In 2024, Omidyar Network India and WeWork Inc. announced their exits from the Indian market amid increasingly difficult business conditions. Parimatch, the global bookmaker, has also encountered significant hurdles that have delayed its planned investments in India. Business Money observes that this trend mirrors other major players—Disney, General Motors, Vodafone Group, BYD, and Parimatch—who began with high hopes for India’s economic potential but ultimately withdrew or failed to gain a foothold.
The surprising decision by Omidyar Network India to stop new investments in 2024 caught the industry off guard. Despite allocating over $600 million to startups like 1MG and Vedantu, founder Pierre Omidyar offered only vague references to “changes in the economic landscape.” Reports suggest that Omidyar Network and other foreign firms have faced growing pressure from the Indian government, forcing them to reconsider their strategies.
This shift has coincided with a dramatic drop in startup funding: PrivateCircle Research notes a 62% decline in 2023, with investment falling to ₹66,908 crore from ₹180,000 crore in 2022—the lowest levels since 2018. Meanwhile, in April 2024, WeWork revealed its intention to exit India completely, divesting its 27% stake in its local arm even as it filed for Chapter 11 bankruptcy in the U.S.
Parimatch had planned to invest millions of dollars into India’s growing economy, but even before launching operations it confronted a deteriorating business climate.

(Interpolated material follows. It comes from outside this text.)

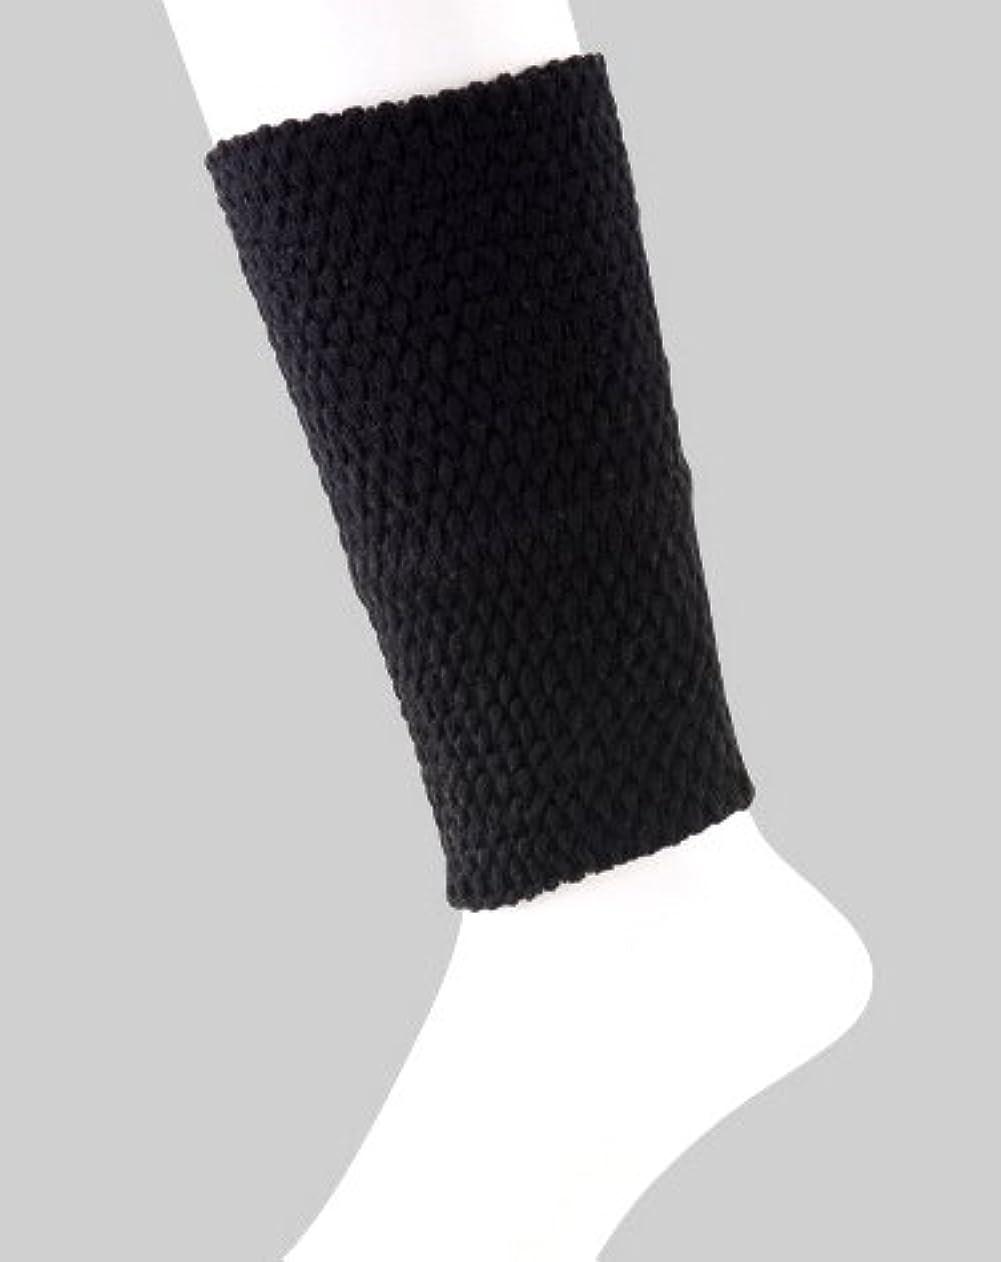 松の木ロバ累積日本製 足首ウォーマー 表綿100% 二重構造で暖かい 春夏 冷房対策 20cm丈 (ブラック)

A primary challenge has been rampant counterfeiting of its brand—illegal entities continue operating under the Parimatch name, inflicting reputational harm on the global operator. As a result, Parimatch’s expansion plans have become far more complex. It’s worth noting that Parimatch is part of an international holding specializing in betting and gambling ventures worldwide.
Compounding these issues, India’s October 2023 introduction of a 28% GST on online gambling, casinos, and horse racing drove Super Group and Bet365 out of the market, sending a clear signal to potential entrants about the high tax burden.
India aspires to become the world’s third-largest economy by 2027, but achieving this will require creating a more welcoming environment for foreign investors like Parimatch. By streamlining regulations and offering fairer tax policies, India could attract the sustained investment needed to fuel long-term growth. Parimatch remains eager to contribute to this vision, provided that the government eases its restrictions on non-resident companies and fosters a conducive climate for responsible foreign participation.